Located a five minute walk from Checkpoint Charlie in a particularly nondescript part of Berlin, my first impressions of Nobelhart and Schmutzig were not so positive. The windows obscured by net curtains a little reminiscent of the Sanderson Hotel in London and displaying odd sculptures of human body parts, you wonder what it is. Is this an exclusive boutique clothes store? Or some kind of seedy video shop? You have to ring a bell to be let in, which adds to the mystique, but you are soon greeted by your host for the evening, Billy Wagner – a sommelier by trade (one of Germany’s finest) who co-owns this progressive restaurant with Swiss chef Micha Schäfer. Even stranger, red-headed Billy said he was “expecting” me and knew exactly who I was. I welcome friendly service but not when it starts to border on fawning over-familiarity before you’ve even met. It’s just a tad creepy. I was soon disabused of any notions of creepiness though as I found all the serving staff and indeed fellow diners very convivial. It was also pleasing to see Billy handling all aspects of service from welcoming you across the threshold to polishing glasses at the end of the evening – you wouldn’t see G-Ram or Jason Atherton rolling up their sleeves like that.
The central kitchen and dining counter is now an ubiquitous feature in modern restaurant design, from Geist in Copenhagen to newly-opened Cornerstone in Hackney, and usually I dread these things but I had nothing to fear here: the ring-side seats are comfortable with both foot and lumbar support. Although my faculties were already dulled somewhat from the Kaiser Cup at the Adlon, I could make out the dimly-lit kitchen clearly and dived in with Billy’s suggested gin as an aperitif: the Eversbusch, served from its own unattractive terracotta bottle and flavoured with very intense juniper. At 46% ABV it doesn’t take any prisoners.
Some courses wouldn’t satisfy a wasp’s metabolism… But each morsel is fabulous and well thought-through
Nobelhart has been described as the “Noma of Berlin” for some time. Their raison d’être is the sourcing of local ingredients and using traditional techniques from pickling to curing. Sometimes there are just raw ingredients unsullied by silly sauces or pretension. And nothing too weird either.
First up on the 10 course extravaganza came a rhubarb drink (with paper straw) and herbs to eat by hand. Yes, by hand. Düpow asparagus with elderflower, sensitively cooked with just a suggestion of seasoning, allowed the natural flavours to shine – and truly local too as this asparagus is from north-west Berlin. Then, a single slither of baked celeriac with “black currant wood” confused me somewhat, but it tasted delicious.
At some point, maybe the fifth course, I was presented with venison which came paired with Riesling. I was turning in my own grave: hearty red meat with a slightly sweet white wine? I looked Billy in the eye and asked him if he was mad. He just said “trust me.” With the accompanying kohlrabi and heat of the horseradish, it all made sense.

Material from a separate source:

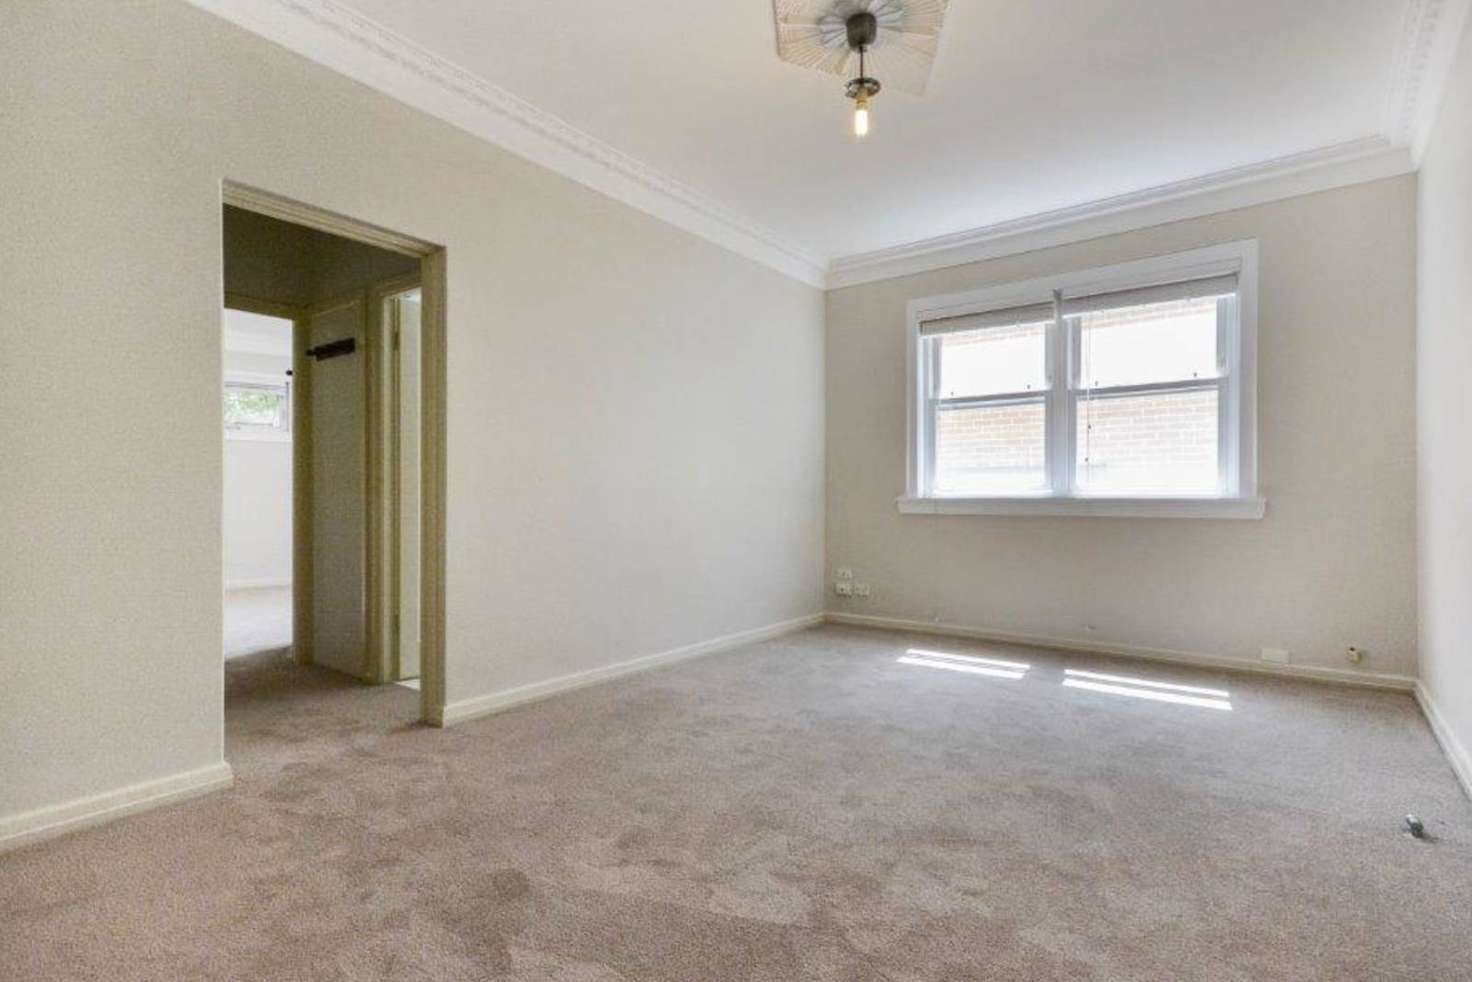 Main view of Homely apartment listing, 7/222 Old South Head Rd, Bondi NSW 2026

The portions are minimalist, and that’s putting it kindly. Some courses wouldn’t satisfy a wasp’s metabolism (and nota bene the base price is 95 Euros before anything else is added). But each morsel is fabulous and well thought-through.
I wasn’t consistently wowed by the restaurant’s wizardry – a couple of dishes just seemed liked fillers, but it’s rare for even your favourite band to deliver a full album of 12 corkers isn’t it?
As with Gastrologik, the wine pairing ends up being expensive, and some of the pairings aren’t even wine (in fact, only 50% of the pairings were, the rest were beers or other oddities). Billy Wagner is clearly having fun even if it’s at the expense of you mixing grape with grain. There is a tome of a wine list too, if you want to go off piste, but generally the pairings are very well-matched.
Sadly, their coffee policy irritated me. Espresso isn’t possible, only filter coffee. OK, so espresso is more of a Franco-Italian thing, and it’s better than not having coffee at all (unlike Primeur), but spare me the highfalutin lecture about why filter coffee is somehow superior. Sometimes you just want a shot to round off the meal, not a bucket of watered down coffee (no matter how good the beans are). The coffee was prepared by a sous chef with a little electronic weighing machine – a complete affectation because the coffee portions were already pre-weighed in little pots (nothing gets past my eagle eyes).
Nobelhart is still relatively young on the Berlin dining scene but it clearly has international ambitions which I am sure it will achieve. My meal there would’ve been perfect were it not for the supercilious attitude over the coffee and nearly being bankrupted. Nevertheless, I was impressed – even more so by their old school record player working through David Bowie’s back catalogue.